◆ Data provided:
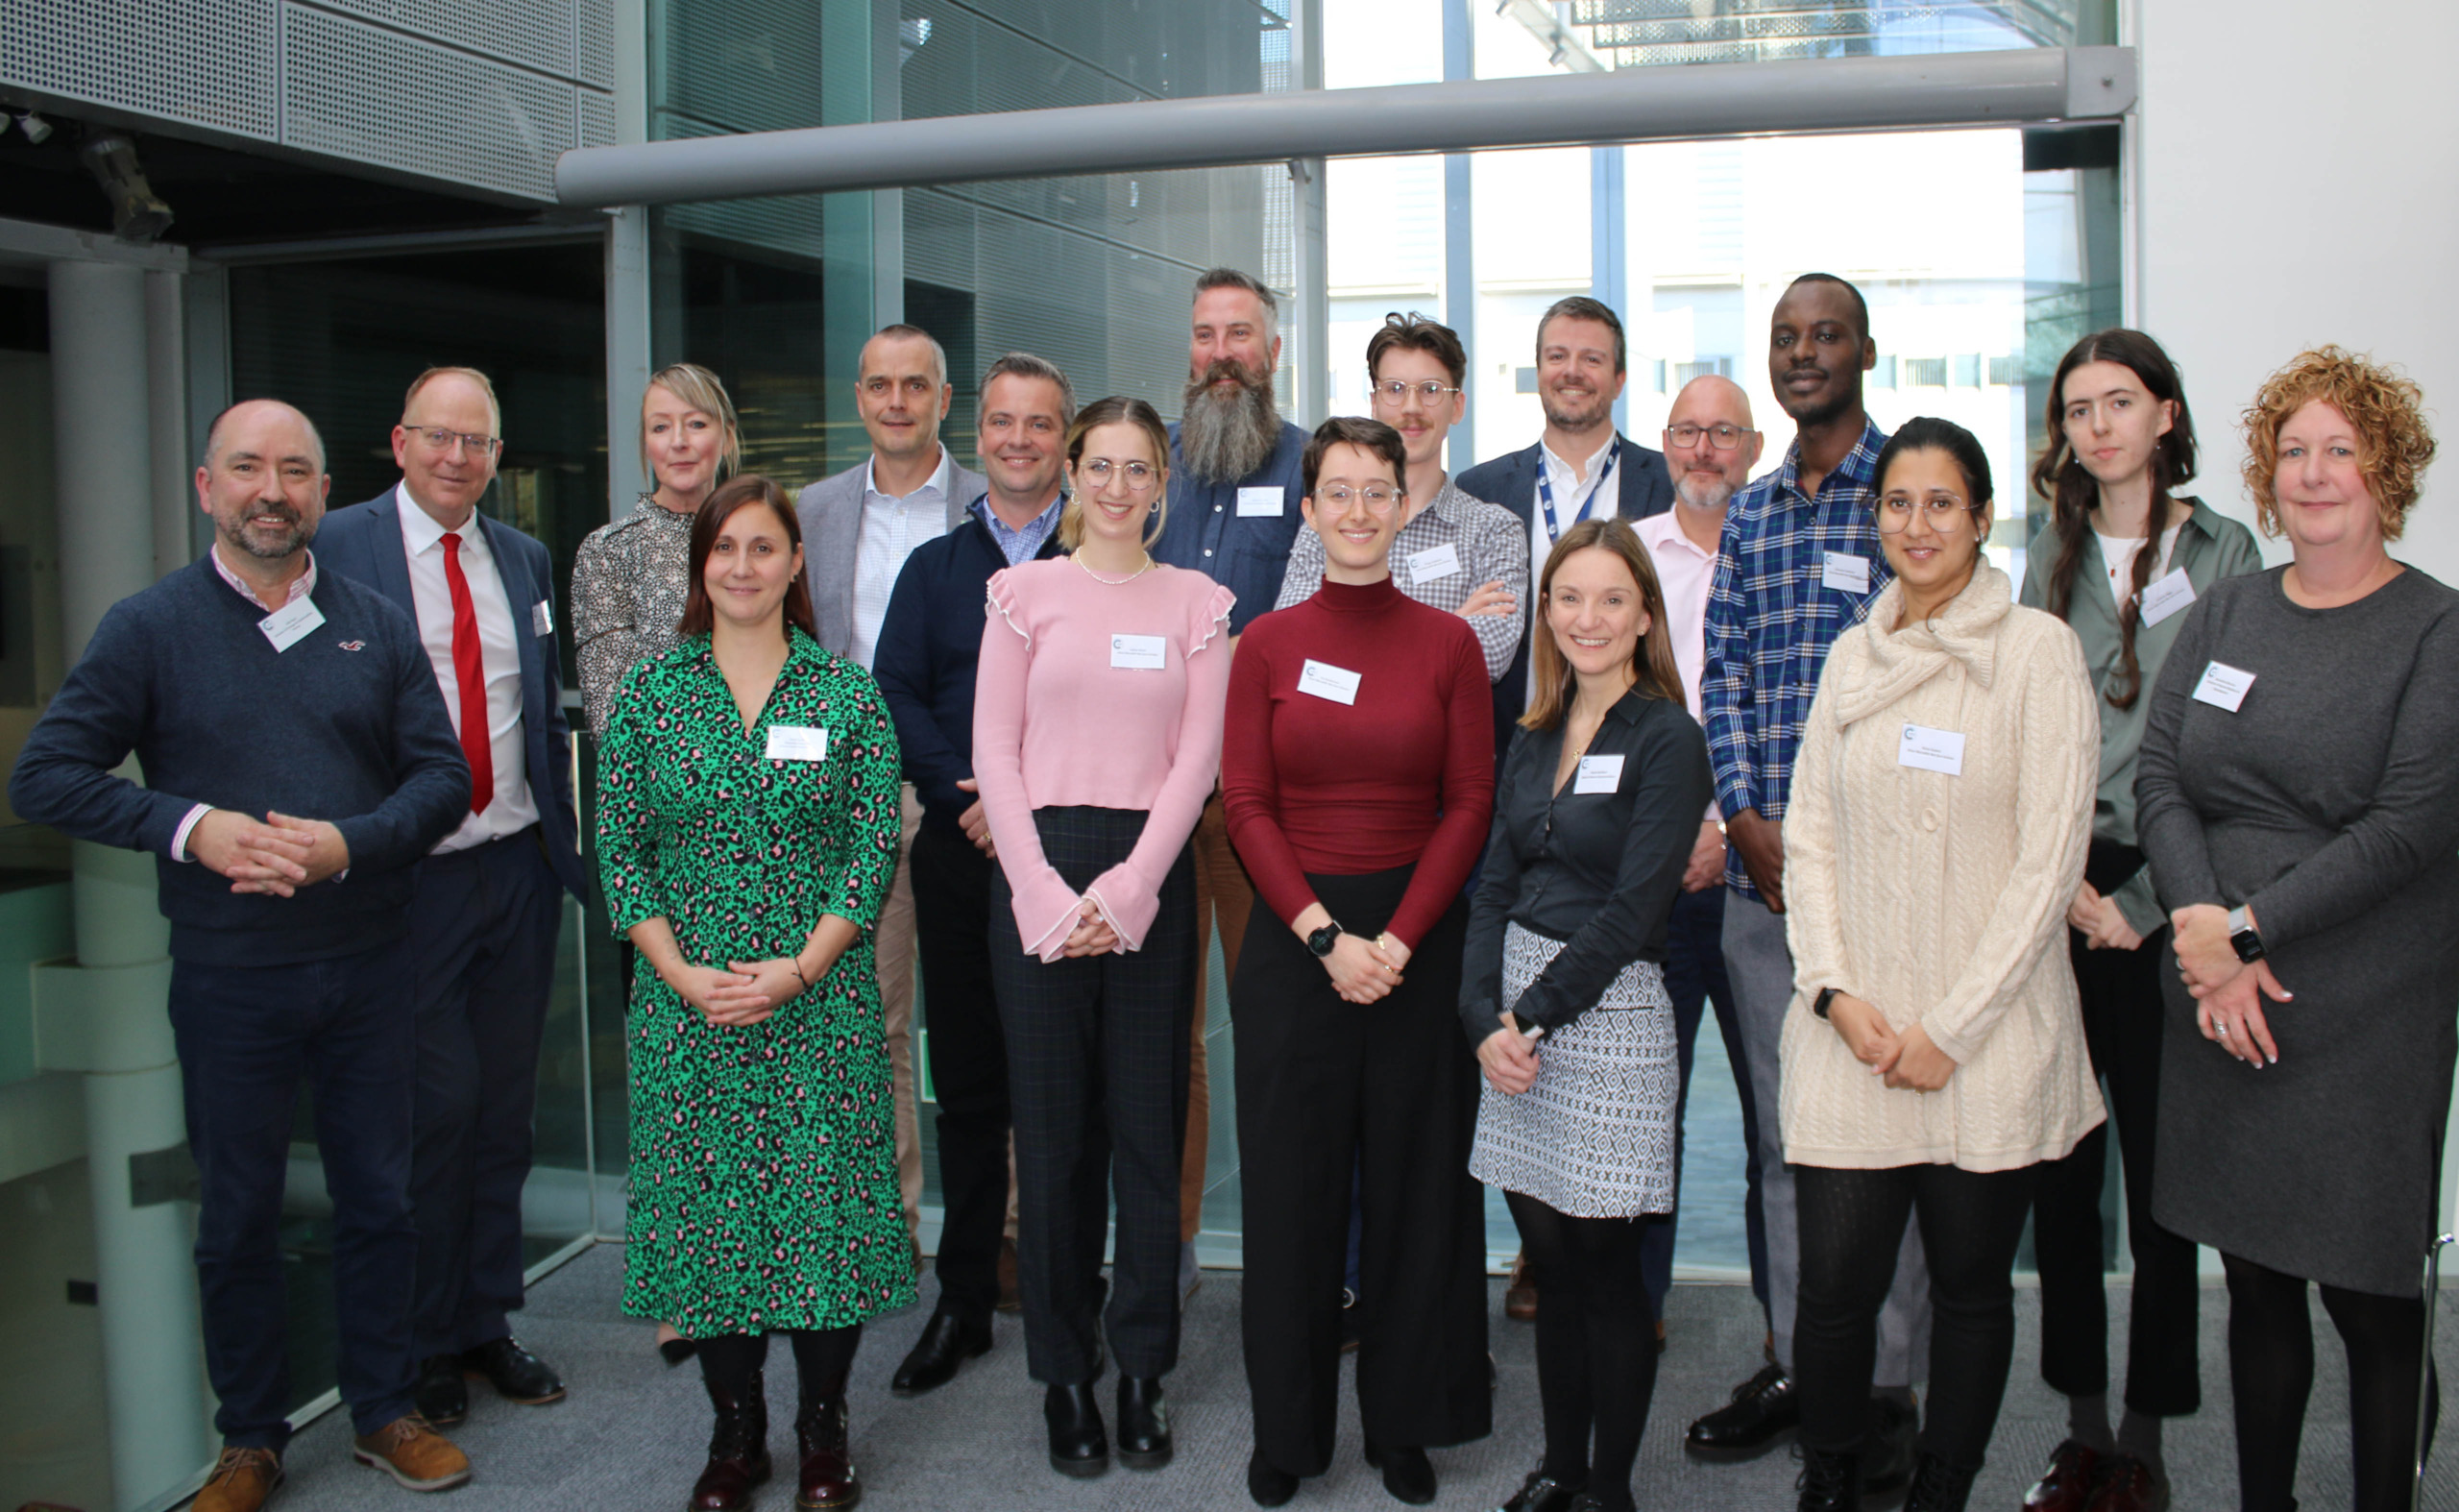 BM Scholars join GFIL and Cranfield staff at the launch
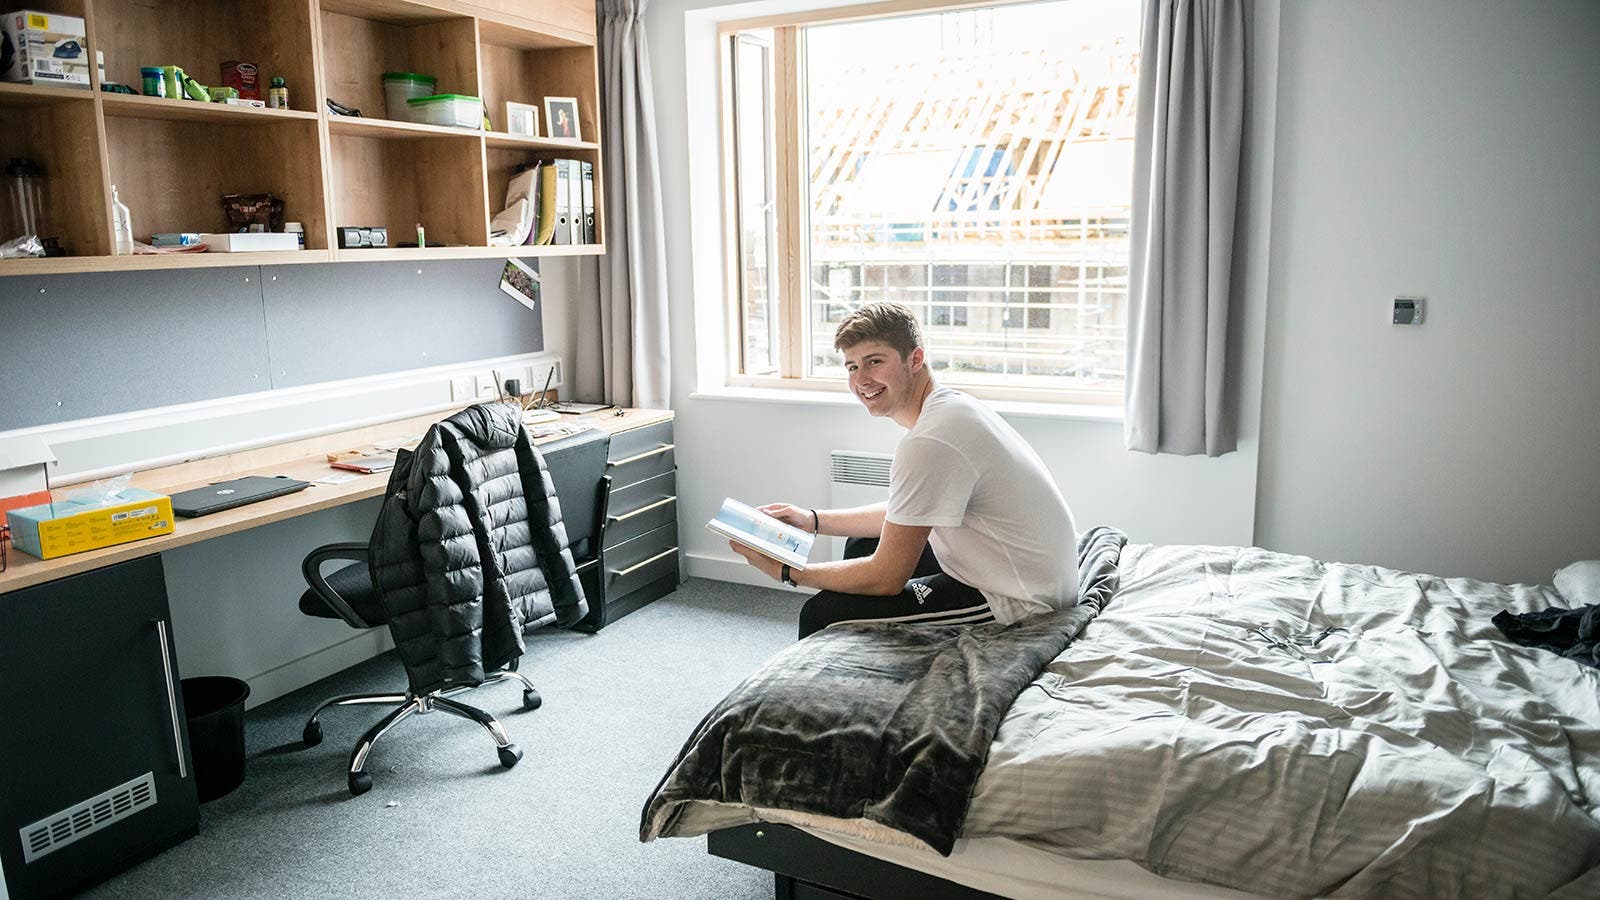 Surrey student reading on bed in accommodation
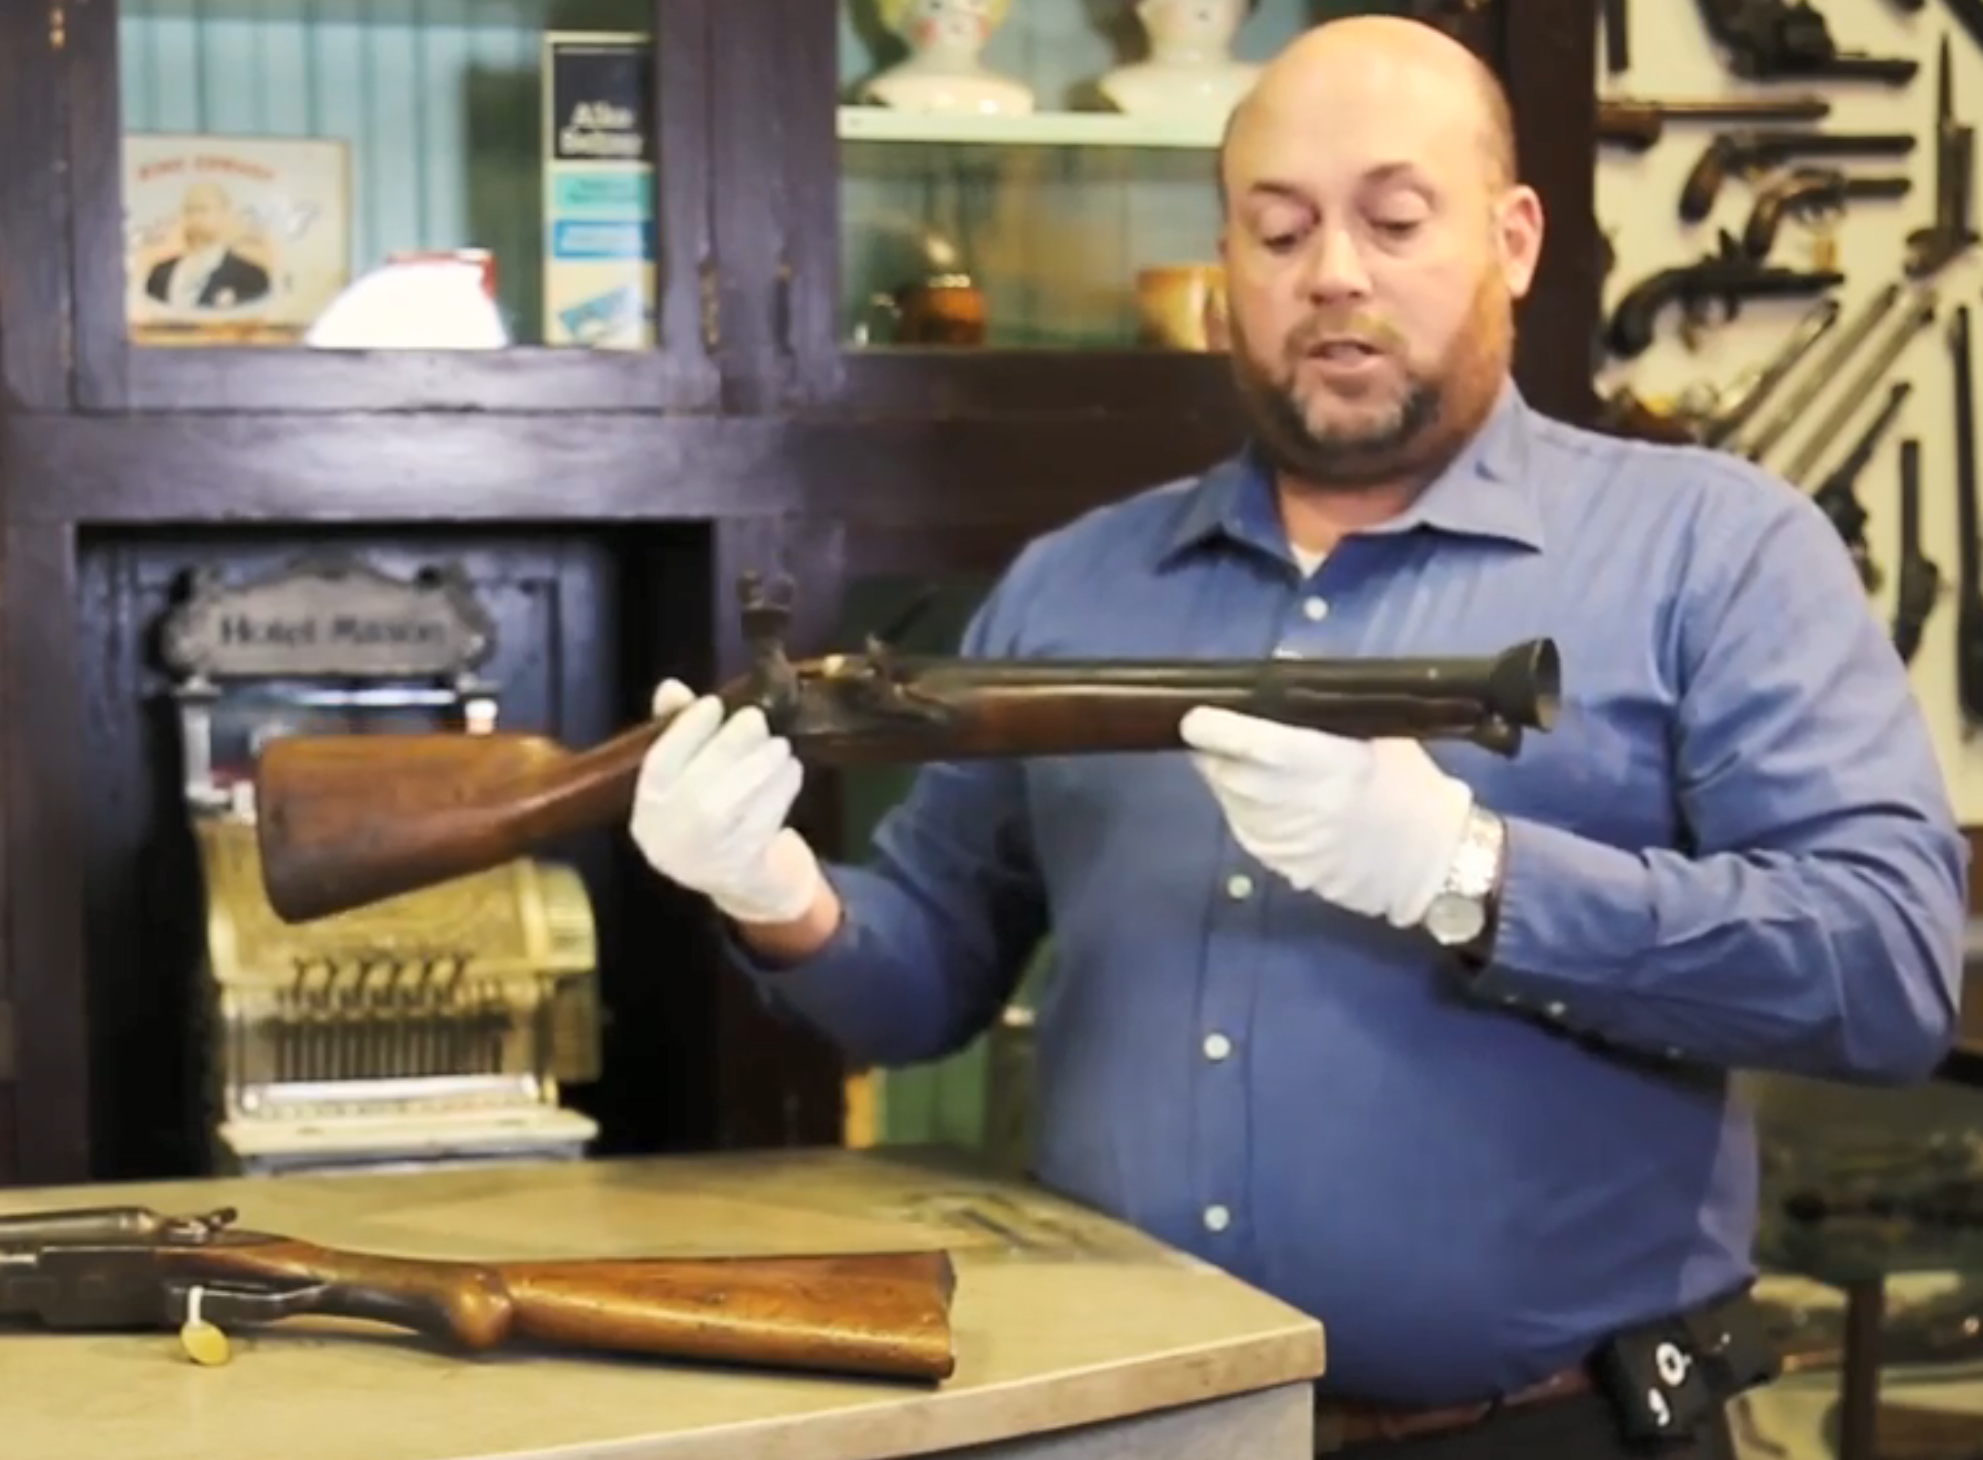 History of a Blunderbuss gun - Pirate rifles, muskets and other weapons

◆ Task description: Nothing but the lines from the line with "Surrey student reading" through the last line of the data above should be printed, exactly as written and without pictures.

◆ Written response:
 Surrey student reading on bed in accommodation
 History of a Blunderbuss gun - Pirate rifles, muskets and other weapons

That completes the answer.